Per distinguere un musicista talentuoso da un onesto comprimario non servono le grandi imprese. Bastano le piccole cose. Se qualcuno nutre ancora dubbi sul comparto in cui piazzare Damon Albarn, è infatti proprio da una piccola cosa, il progetto Gorillaz, che può arrivare l'indicazione decisiva. Il gruppo cartoon, nato quasi per caso nel 2001, ha presentato già motivi d'interesse nell'album omonimo: un disco capace di coniugare qualità e fruibilità con un approccio tanto leggero quanto notturno, e sempre e comunque sghembo. Trascinato al successo anche di vendite da un'abilissima strategia di marketing e da due singoli perfetti, il progetto può proseguire.
Forte di aver acquisito un bacino di utenza ampio, Albarn decide così di osare: i Gorillaz di "Demon Days" sono praticamente un altro gruppo. Se il suono del primo album era uno specchio dei tempi in cui è uscito frullando pop, hip-hop ed elettronica, quello di "Demon Days" è una dichiarata operazione revivalista con obiettivo gli anni Ottanta.

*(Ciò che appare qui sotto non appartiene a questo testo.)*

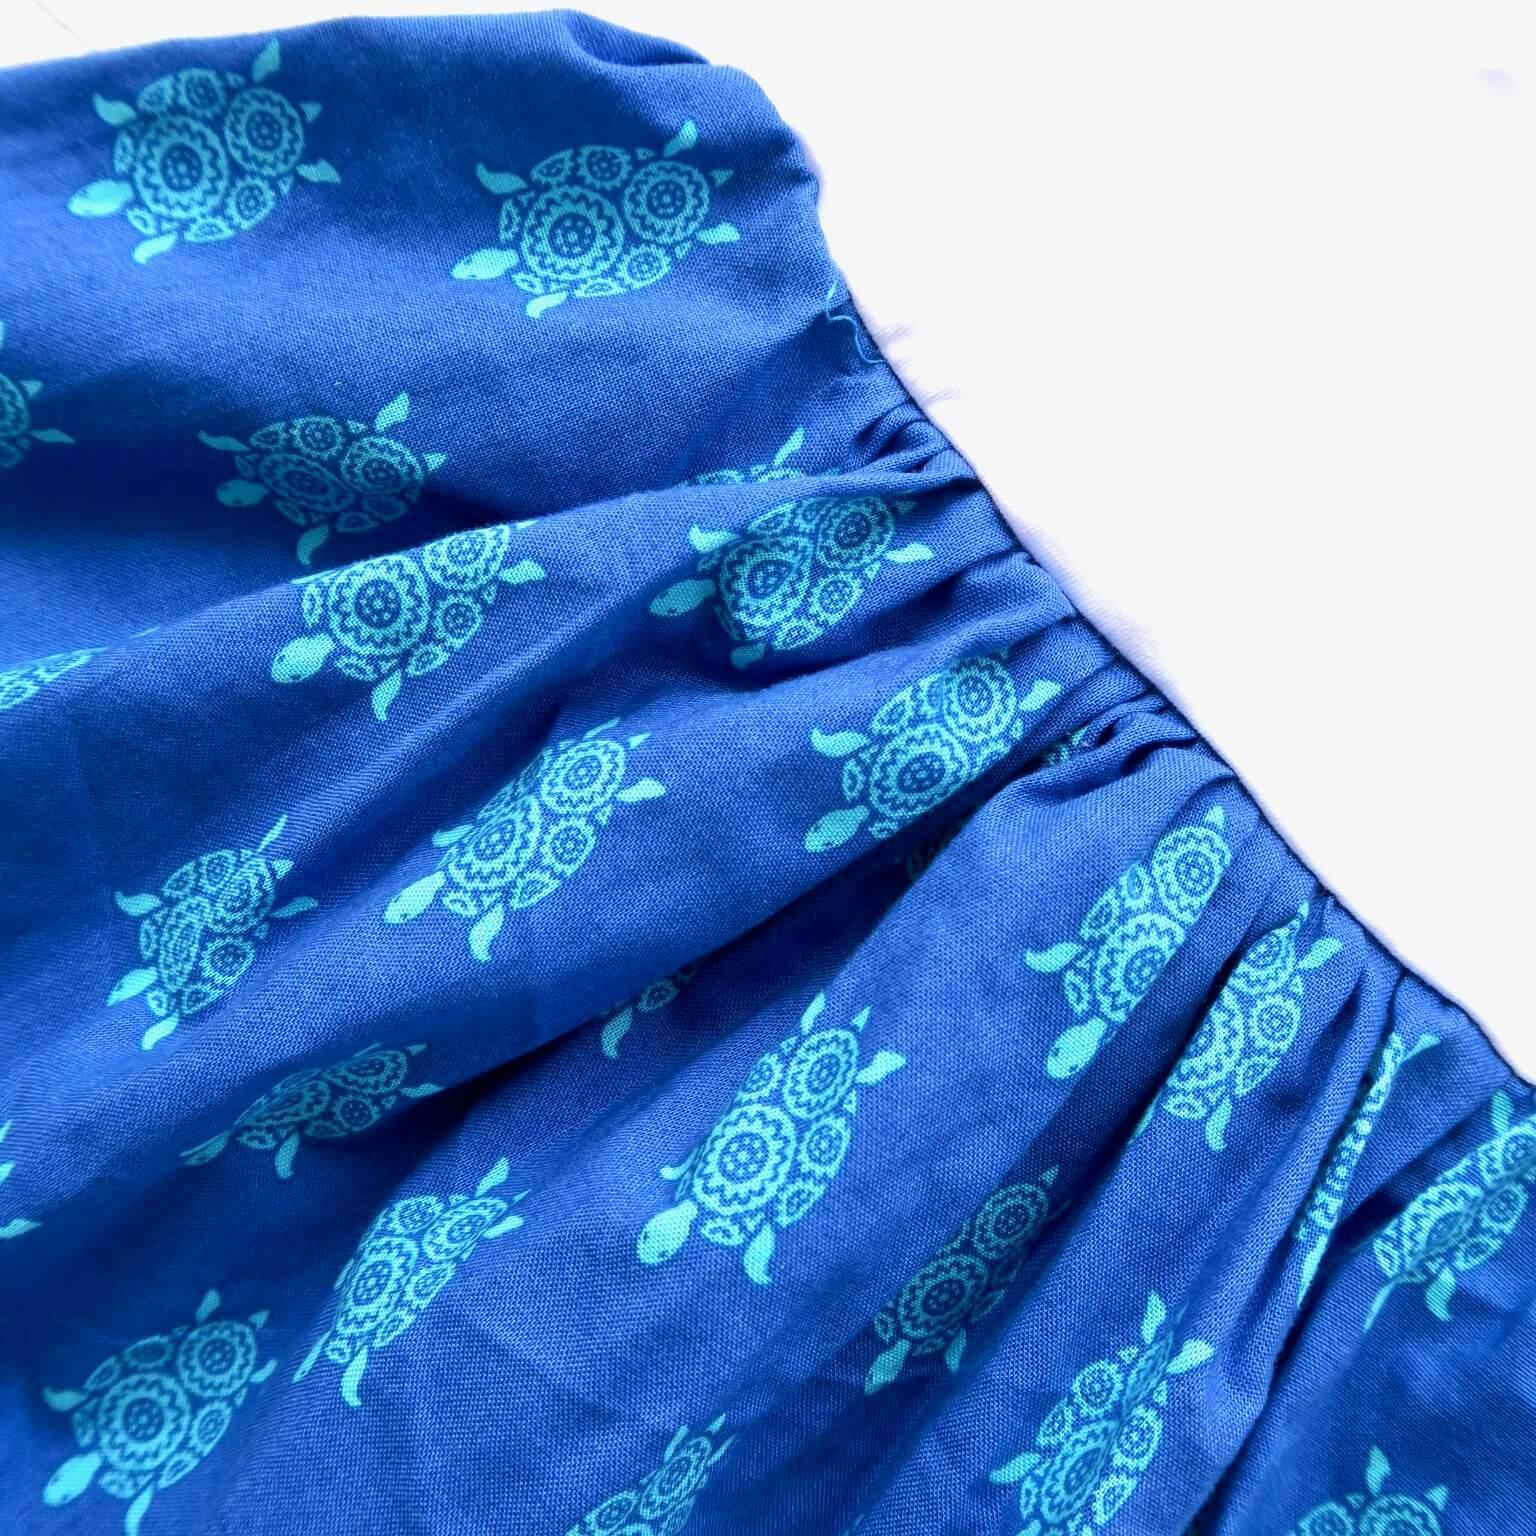 Dahlia Dress - Tie-Strap in Sea Turtle Print and White Cotton Stretch - Lil' Tati

Che qualcosa sia cambiato lo si capisce subito: l'apertura (dopo una breve intro) è affidata a "Last Living Souls", praticamente un synth-pop basato su un tema classicheggiate passato prima al pianoforte e poi ai violini. A far capire che la cifra stilistica è mutata contribuisce "Dirty Harry", che inizia come funky per coro di bambini, con uso e abuso di synth, prima di essere trasportato da un intermezzo classico in un irruento rap a completare così l'operazione di taglia e cuci tra moderno e passato. L'arte di Albarn consiste nell'inventarsi, rubare, riciclare e frullare idee e suoni tirando fuori brani accattivanti, di qualità e vendibili. E ci riesce perfettamente. Testimonianza ne sono "Kids With Guns", chitarra new wave , sintetizzatori barocchi e cadenza tra l'epico e il dimesso; la pulsante "O Green World", che approda in territori glam con cori e chitarre elettriche; "Every Planet We Reach Is Dead", una melodia distesa, dal sapore antico, molestata da un piano sghembo e da un arrangiamento elettronico e "Fire Coming Out Of The Monkey's Head", immersa in un atmosfera da western urbano dove un parlato si alterna a una dolce parentesi country-folk.
Ancora meglio riescono a fare i brani più immediati: "Feel Good Inc.", scelta come primo singolo, si fregia di un basso avvolgente, rintocchi di chitarra, battito di mani, incursioni rap e melodia (sofisticata giusto quel tanto) da fine estate, a metà tra lo spensierato e il nostalgico, mentre con "Dare", affidata a una voce femminile con Albarn a fare da arrangiamento con un lamento alla Yorke, ci si tuffa in discoteca, con synth e scampanellii d'altri tempi. A chiudere il tutto (e a confermare l'eclettismo del musicista) ci pensano l'aria di "Don't Get Lost in Heaven", tra Beach Boys e musical, e il gran finale di "Demon Days", che mescola sinfonia e musica nera. Se già ci veniva da parlar bene del precedente disco del (ebbene sì, diciamolo pure apertamente) talentuoso leader dei Blur, non si può che caldeggiare a maggior ragione questa seconda prova targata Gorillaz, un lavoro sicuramente differente dall'esordio, forse meno fresco e meno immediato, ma ancor più incisivo e ispirato.